• **Exercise instructions**:
From the line containing "HUS-HR ultimate performance" down to the line containing "Side view of" in the records below, reproduce every line exactly, ends included, and omit all others.

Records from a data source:

__________________________________________________

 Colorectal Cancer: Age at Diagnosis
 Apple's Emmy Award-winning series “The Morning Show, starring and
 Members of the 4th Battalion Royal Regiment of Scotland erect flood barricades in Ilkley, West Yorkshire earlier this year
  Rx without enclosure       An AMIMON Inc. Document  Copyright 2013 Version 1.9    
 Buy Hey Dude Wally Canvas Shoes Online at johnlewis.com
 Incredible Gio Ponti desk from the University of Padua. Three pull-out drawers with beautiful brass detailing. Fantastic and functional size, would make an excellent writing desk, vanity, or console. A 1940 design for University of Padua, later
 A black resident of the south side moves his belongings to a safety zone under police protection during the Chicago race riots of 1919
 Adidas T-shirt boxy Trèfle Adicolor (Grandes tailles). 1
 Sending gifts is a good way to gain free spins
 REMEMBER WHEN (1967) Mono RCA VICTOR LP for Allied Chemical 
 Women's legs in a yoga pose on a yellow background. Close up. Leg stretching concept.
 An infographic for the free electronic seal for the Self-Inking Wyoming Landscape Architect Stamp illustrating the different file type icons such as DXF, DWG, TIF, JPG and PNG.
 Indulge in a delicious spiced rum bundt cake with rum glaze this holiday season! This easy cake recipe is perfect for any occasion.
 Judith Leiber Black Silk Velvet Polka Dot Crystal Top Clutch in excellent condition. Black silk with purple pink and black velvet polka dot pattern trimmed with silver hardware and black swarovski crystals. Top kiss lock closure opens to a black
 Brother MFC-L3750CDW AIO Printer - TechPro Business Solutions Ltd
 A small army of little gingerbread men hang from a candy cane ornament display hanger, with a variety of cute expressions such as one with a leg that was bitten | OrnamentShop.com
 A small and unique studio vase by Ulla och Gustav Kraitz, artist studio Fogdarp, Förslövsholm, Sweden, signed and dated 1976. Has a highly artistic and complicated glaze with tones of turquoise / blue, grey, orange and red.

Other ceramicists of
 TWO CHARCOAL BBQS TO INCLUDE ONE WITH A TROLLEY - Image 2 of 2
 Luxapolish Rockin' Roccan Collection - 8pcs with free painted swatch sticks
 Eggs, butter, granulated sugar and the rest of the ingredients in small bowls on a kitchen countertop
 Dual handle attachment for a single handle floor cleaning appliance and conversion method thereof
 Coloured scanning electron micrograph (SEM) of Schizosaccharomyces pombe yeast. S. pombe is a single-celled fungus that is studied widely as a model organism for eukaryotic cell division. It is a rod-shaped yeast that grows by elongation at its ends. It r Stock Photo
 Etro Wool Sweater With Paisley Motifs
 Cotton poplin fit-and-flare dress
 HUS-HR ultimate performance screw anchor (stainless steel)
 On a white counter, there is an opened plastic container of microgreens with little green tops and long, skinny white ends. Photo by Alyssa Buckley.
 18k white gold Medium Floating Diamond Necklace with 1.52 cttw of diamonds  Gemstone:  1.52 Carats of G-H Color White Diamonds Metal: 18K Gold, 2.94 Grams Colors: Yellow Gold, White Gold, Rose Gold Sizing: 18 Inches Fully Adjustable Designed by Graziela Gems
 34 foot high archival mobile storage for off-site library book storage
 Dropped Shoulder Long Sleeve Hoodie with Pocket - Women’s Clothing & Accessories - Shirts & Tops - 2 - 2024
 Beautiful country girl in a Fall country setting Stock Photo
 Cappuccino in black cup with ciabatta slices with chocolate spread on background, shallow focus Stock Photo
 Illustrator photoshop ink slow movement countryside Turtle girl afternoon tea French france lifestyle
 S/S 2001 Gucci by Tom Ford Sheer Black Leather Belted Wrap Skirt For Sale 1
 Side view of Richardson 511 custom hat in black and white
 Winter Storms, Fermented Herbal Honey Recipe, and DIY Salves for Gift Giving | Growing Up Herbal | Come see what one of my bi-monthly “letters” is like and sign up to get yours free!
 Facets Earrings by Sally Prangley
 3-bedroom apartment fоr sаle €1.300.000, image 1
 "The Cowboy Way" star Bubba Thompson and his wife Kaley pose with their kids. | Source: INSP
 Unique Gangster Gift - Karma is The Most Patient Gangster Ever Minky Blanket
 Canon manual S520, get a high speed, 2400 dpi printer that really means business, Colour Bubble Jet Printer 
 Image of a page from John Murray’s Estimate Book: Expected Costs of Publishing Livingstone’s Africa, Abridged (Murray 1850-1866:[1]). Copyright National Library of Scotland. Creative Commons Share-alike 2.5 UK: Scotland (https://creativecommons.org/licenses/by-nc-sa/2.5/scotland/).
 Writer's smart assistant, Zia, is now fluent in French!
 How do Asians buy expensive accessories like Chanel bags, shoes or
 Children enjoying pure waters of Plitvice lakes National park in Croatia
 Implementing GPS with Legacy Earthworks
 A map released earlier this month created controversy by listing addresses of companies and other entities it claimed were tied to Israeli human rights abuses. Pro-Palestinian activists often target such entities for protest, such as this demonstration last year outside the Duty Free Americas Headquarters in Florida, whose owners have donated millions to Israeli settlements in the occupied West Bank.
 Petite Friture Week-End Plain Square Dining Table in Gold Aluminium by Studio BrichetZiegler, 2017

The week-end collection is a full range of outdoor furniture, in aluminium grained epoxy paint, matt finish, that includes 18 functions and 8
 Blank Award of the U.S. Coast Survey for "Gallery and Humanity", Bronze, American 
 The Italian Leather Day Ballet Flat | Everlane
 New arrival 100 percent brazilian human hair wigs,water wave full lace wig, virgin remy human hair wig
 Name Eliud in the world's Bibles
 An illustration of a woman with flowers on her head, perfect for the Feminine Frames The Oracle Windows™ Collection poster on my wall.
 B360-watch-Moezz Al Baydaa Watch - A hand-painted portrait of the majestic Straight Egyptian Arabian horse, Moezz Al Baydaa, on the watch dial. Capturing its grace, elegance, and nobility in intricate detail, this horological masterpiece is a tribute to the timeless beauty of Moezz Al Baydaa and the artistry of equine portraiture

__________________________________________________

• **Written response**:
 HUS-HR ultimate performance screw anchor (stainless steel)
 On a white counter, there is an opened plastic container of microgreens with little green tops and long, skinny white ends. Photo by Alyssa Buckley.
 18k white gold Medium Floating Diamond Necklace with 1.52 cttw of diamonds  Gemstone:  1.52 Carats of G-H Color White Diamonds Metal: 18K Gold, 2.94 Grams Colors: Yellow Gold, White Gold, Rose Gold Sizing: 18 Inches Fully Adjustable Designed by Graziela Gems
 34 foot high archival mobile storage for off-site library book storage
 Dropped Shoulder Long Sleeve Hoodie with Pocket - Women’s Clothing & Accessories - Shirts & Tops - 2 - 2024
 Beautiful country girl in a Fall country setting Stock Photo
 Cappuccino in black cup with ciabatta slices with chocolate spread on background, shallow focus Stock Photo
 Illustrator photoshop ink slow movement countryside Turtle girl afternoon tea French france lifestyle
 S/S 2001 Gucci by Tom Ford Sheer Black Leather Belted Wrap Skirt For Sale 1
 Side view of Richardson 511 custom hat in black and white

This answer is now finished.